Только окрыленная уникальным поэтическим талантом женщина может позволить себе порхать по жизни бабочкой и жалить, как пчела всех без разбору. Впрочем, говорят, что пчелы кусают пользительно. И ещё у них есть мёд. Божественный мёд поэзии.
За это поэтам прощается всё. И бестолковость поступков, и резкость суждений, и безбашенная неприспособленность к жизни реальной. Особенно, если мёд поэзии приносит окружающим очаровательная поэтесса.
Вот не люблю я бесполых определений. Поэзия Аксёновой настолько женственная, искренняя, что рука не поднимается приписывать ей мужицкое звание «поэт». Таня Аксёнова – барышня, даже не дама досочинявшаяся стихов до юбилейного издания, а вечно влюблённая взбалмошная девчонка.

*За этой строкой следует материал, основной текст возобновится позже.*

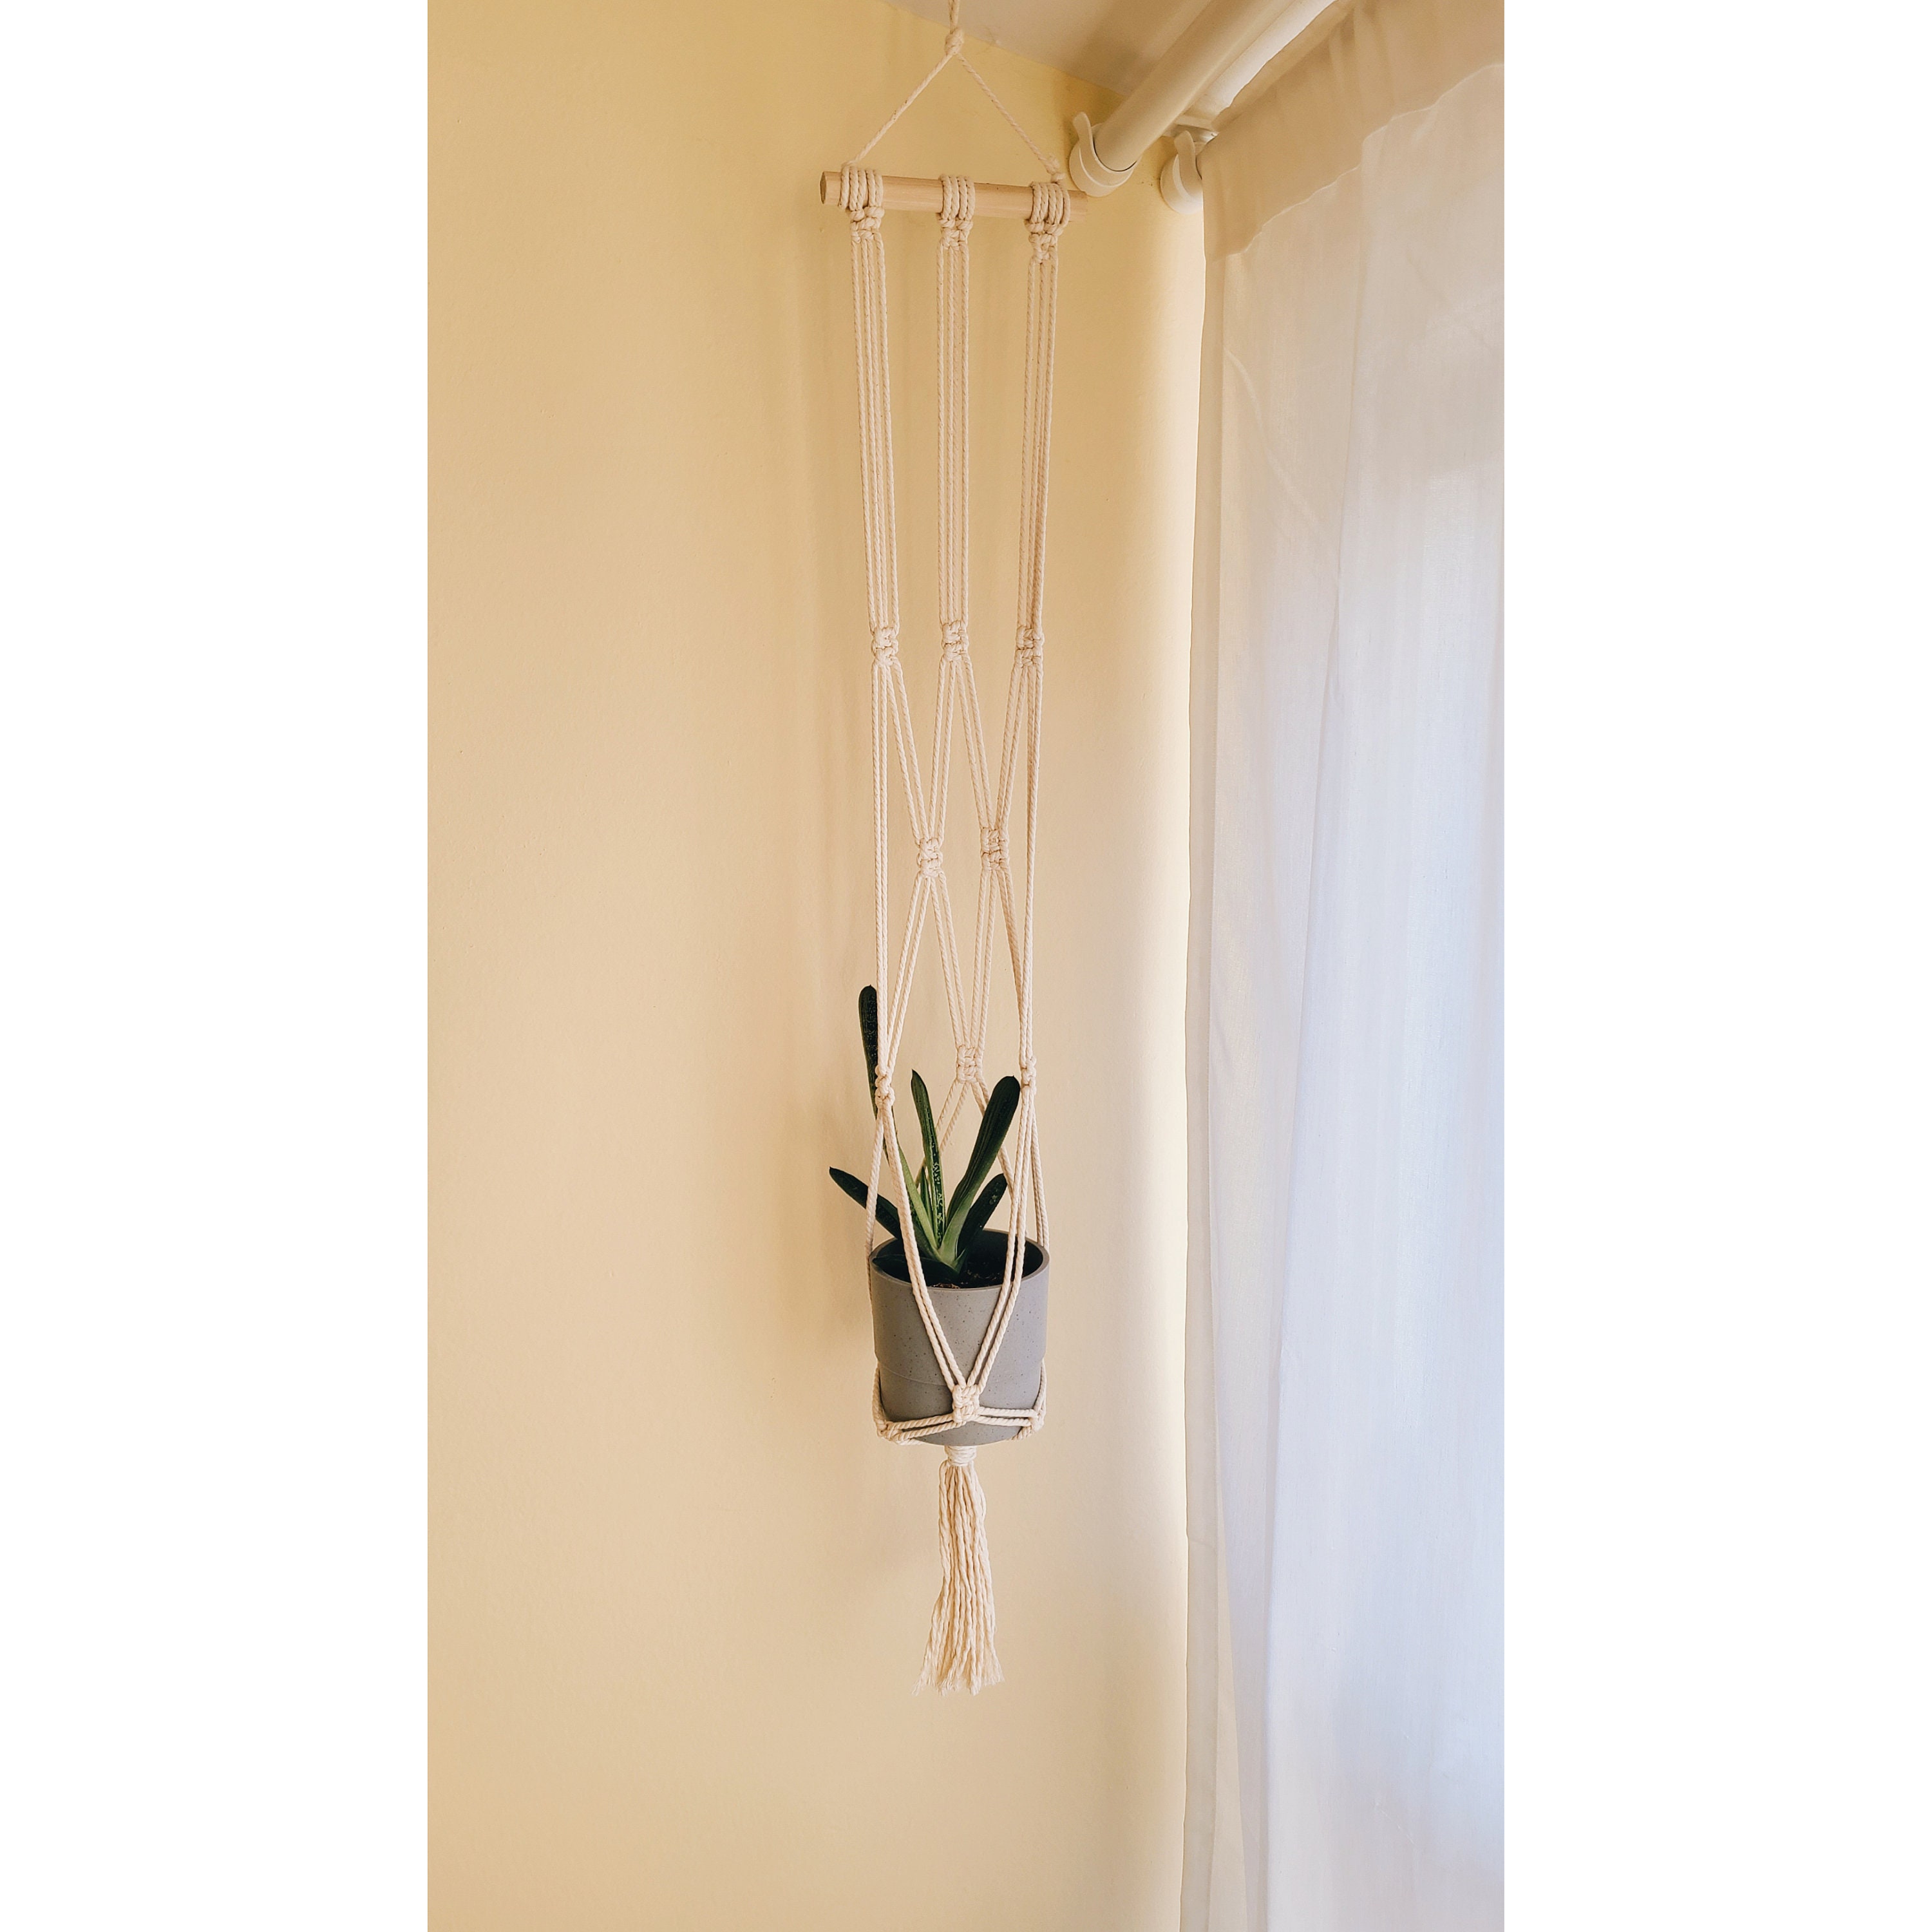 Tapestry Hangers for Small Furoshiki Plastic Hanger Kit CF-007 for Any Thin  Fabric to Display Tapestry Hangers/wall Hangers

Значит всё-таки «поэтесса».
Хотя, по мастерству владения словом, по глубине и многогранности таланта Татьяна Аксёнова намного превосходит большинство стихоплётов в штанах.
Даже в этом маленьком сборнике, посвященном исключительно любви затронуто множество глубинных проблем мироздания, которые тысячи лет не могут разрешить самые многомудрые философы…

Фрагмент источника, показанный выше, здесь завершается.